In the phototransduction pathway, what is the state of the outer segment upon activation by light?

It depolarizes.

What occurs when the GTP-bound alpha subunit separates from the beta-gamma subunit?

It activates phosphodiesterase (PDE).

What happens to cGMP levels during the process of photoreception in light?

cGMP levels decrease significantly.

In the dark, how does the state of the sodium (Na+) channels differ from that in the light?

Na+ channels open in the dark, leading to depolarization.

What is the result of less cGMP in the photoreceptor cells?

The closure of the cyclic nucleotide-gated (CNG) channels.

Which form of retinal is present in rhodopsin during light exposure?

All-trans retinal

What key process occurs during retinal recycling?

All-trans retinal is removed from opsin.

How does the closure of Ca++ channels affect neurotransmitter release in light conditions?

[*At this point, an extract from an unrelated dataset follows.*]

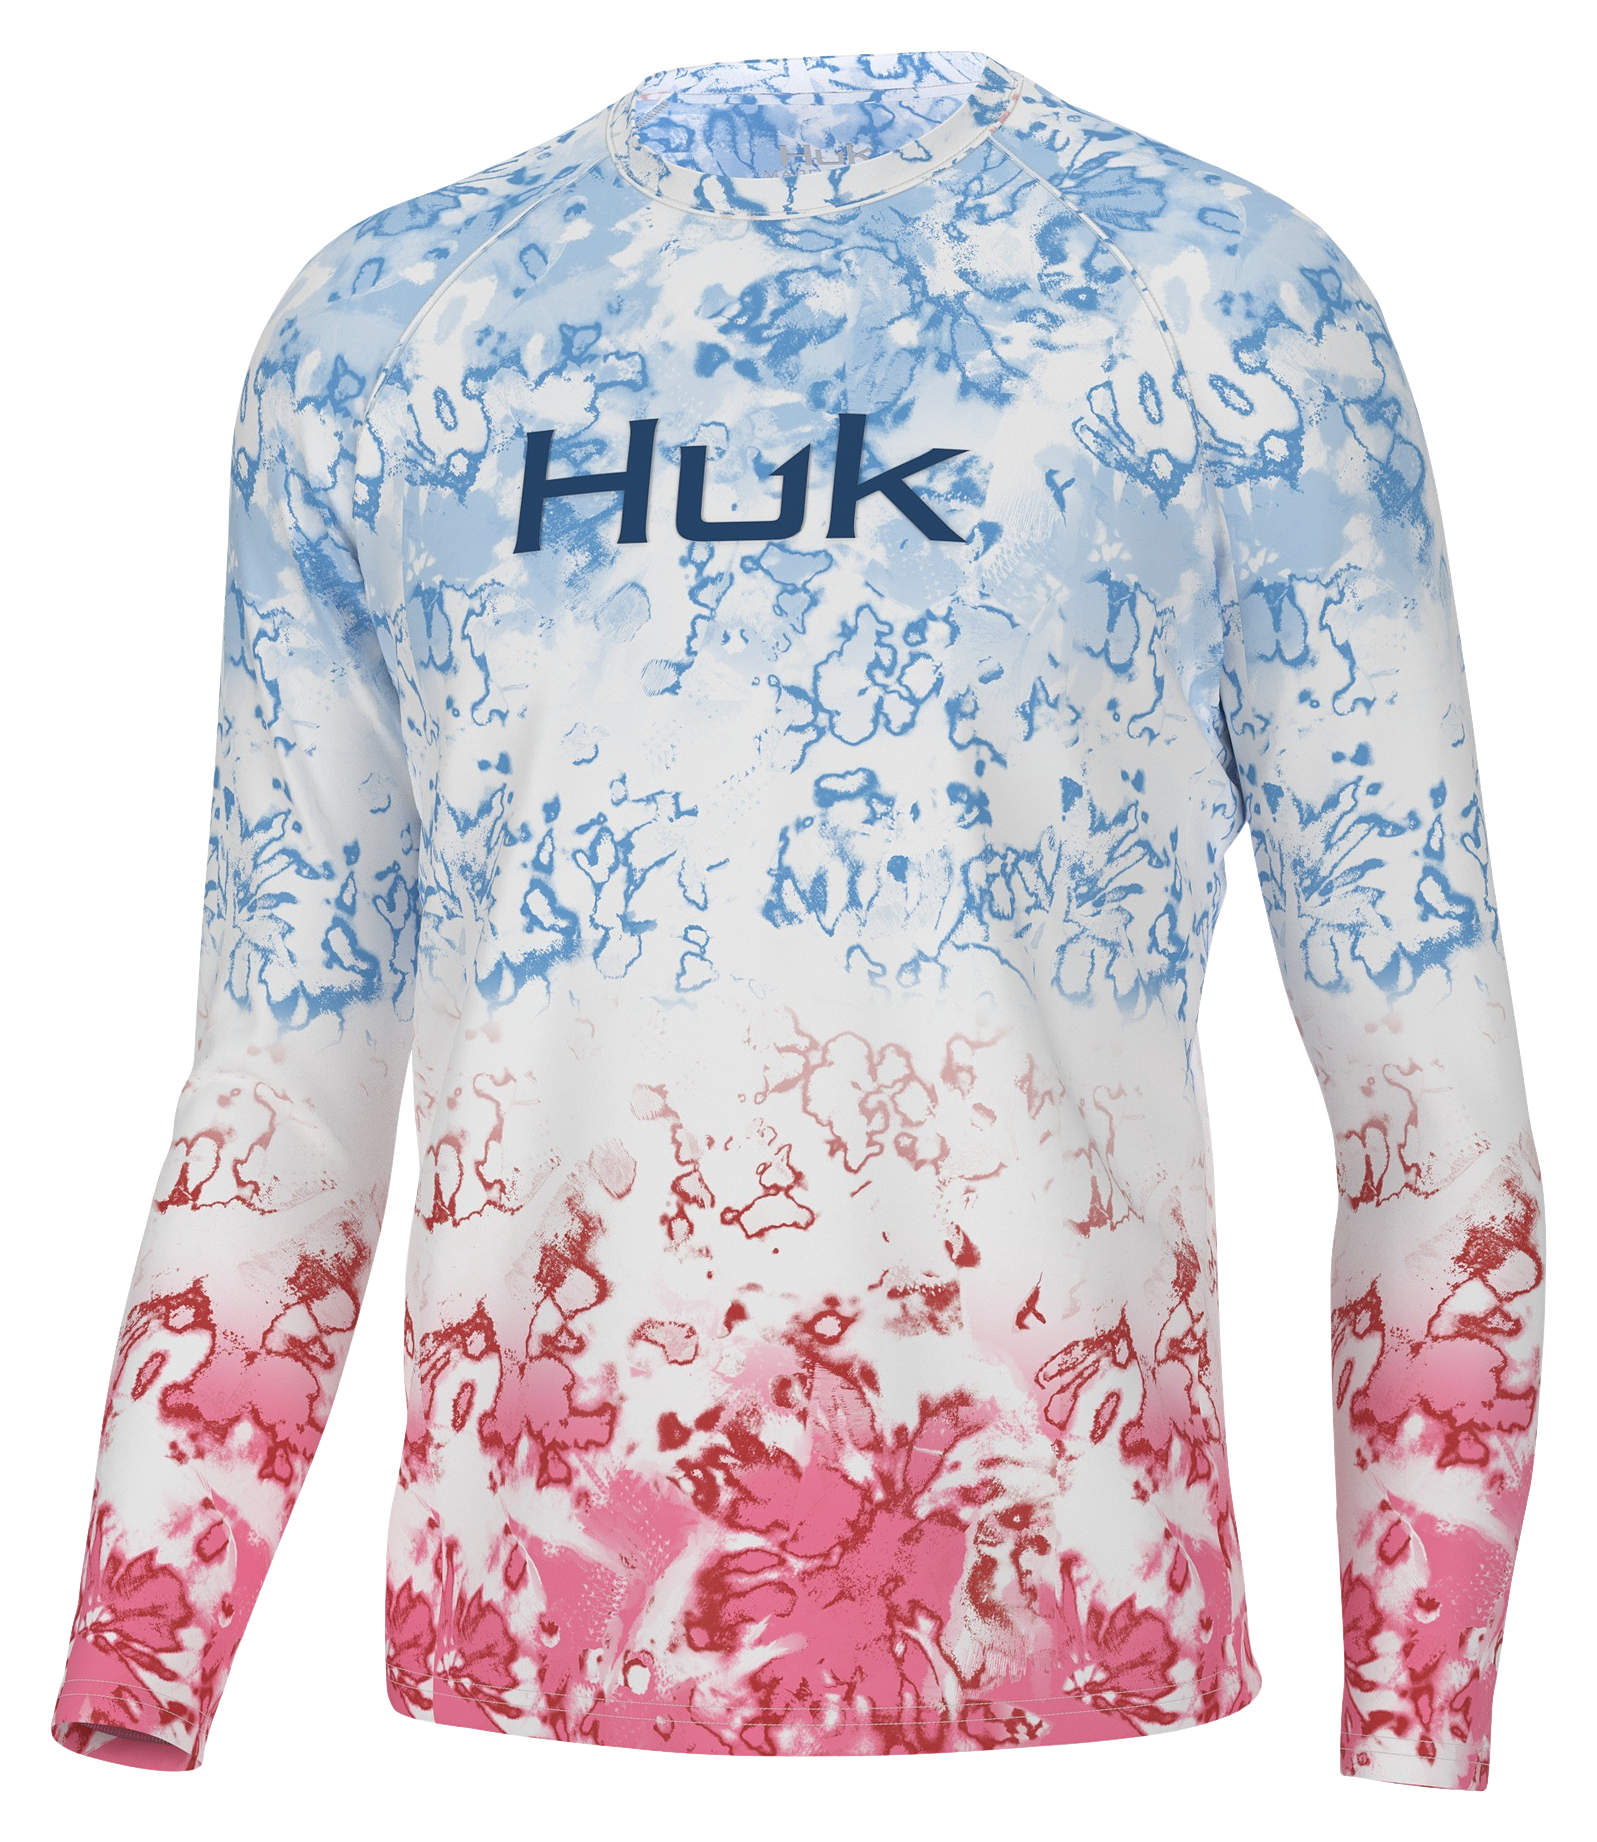 Huk Fade Pursuit Fin Fade Long-Sleeve Shirt for Men

Inhibitory neurotransmitter is not released.

What is the rate-limiting step in the visual cycle?

Transport of all-trans retinal to RPE cells.

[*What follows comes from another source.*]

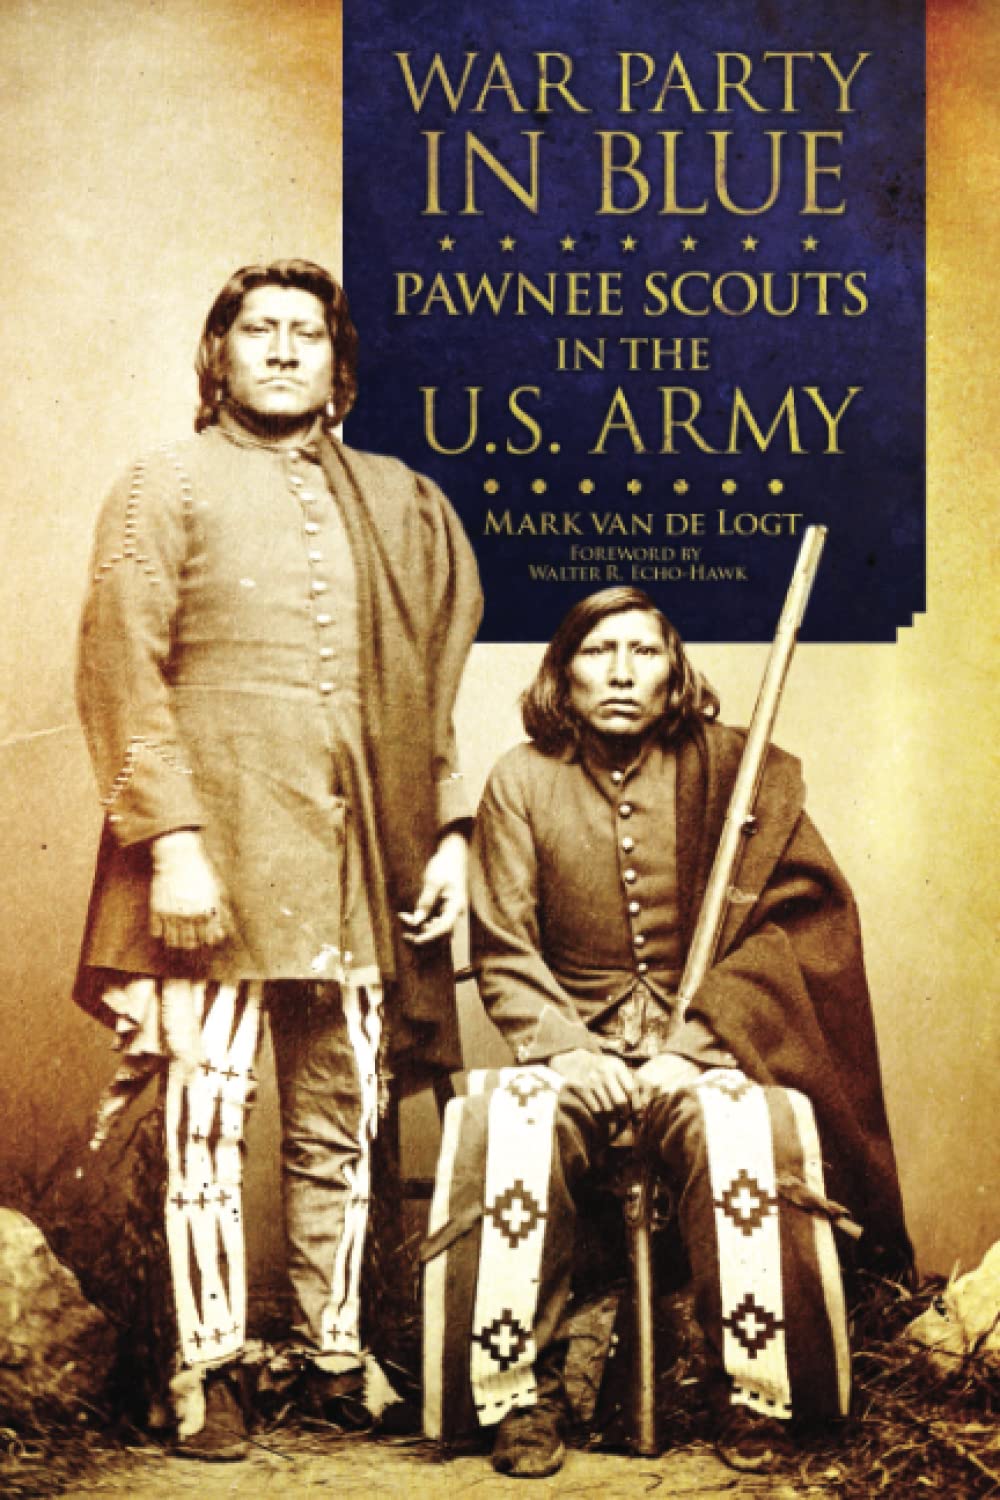 War Party in Blue: Pawnee Scouts in the U.S. Army by Mark Van de Logt

What happens when the basilar membrane moves in response to sound waves?

It generates a pressure wave in the cochlear duct.

Which part of the hair cells causes depolarization when bent toward the kinocilium?

Stereocilia

What role do the top links between stereocilia play?

They facilitate the bending of the stereocilia.

How does amplitude discrimination affect sound perception?

It affects the intensity of vibrations on the basilar membrane.

Where do the axons from the hair cells converge?

Cochlear nucleus of the vestibulocochlear nerve.

What occurs at the round window during the auditory process?

It allows pressure waves to dissipate.

What primarily affects frequency discrimination in sound perception?

The region of the spiral organ that responds to specific frequencies.

What condition is created when the hair cells are stimulated away from the kinocilium?

Ion channel closure leading to hyperpolarization.

What is the primary function of the inferior colliculus in the auditory pathway?

Localizing sounds

Which part of the auditory pathway is responsible for the perception of sound?

Auditory cortex

How is the direction of high-frequency sounds determined by the auditory system?

By different intensities received by both ears

What does the vestibular apparatus primarily monitor?

Head position and movement

The otolith organs are key structures involved in detecting what kind of changes?

Static equilibrium and linear acceleration

What is the role of the superior olivary nuclei in the auditory system?

To localize sounds and reflex movements

Which aspect of sound localization requires input from only one ear?

Timing of sound reception

What type of acceleration do the semicircular canals detect?

Angular acceleration

What is primarily contained within the otolith organs?

Hair cells and gelatinous layer

What type of crystals are found within the otolithic membrane?

CaCO4 crystals

Which acceleration does the utricle primarily detect?

Horizontal acceleration

How do hair cells react when the stereocilia bend toward the kinocilium?

They yield stronger depolarizations

What happens to the otolithic membrane when the head is bent backward?

The otolithic membrane becomes disturbed

What is the primary function of the vestibular nerve branches?

Sending signals related to head position

What occurs when the head is held erect concerning hair cell pressure?

Hair cells exhibit constant pressure

What is the arrangement of stereocilia in the saccule?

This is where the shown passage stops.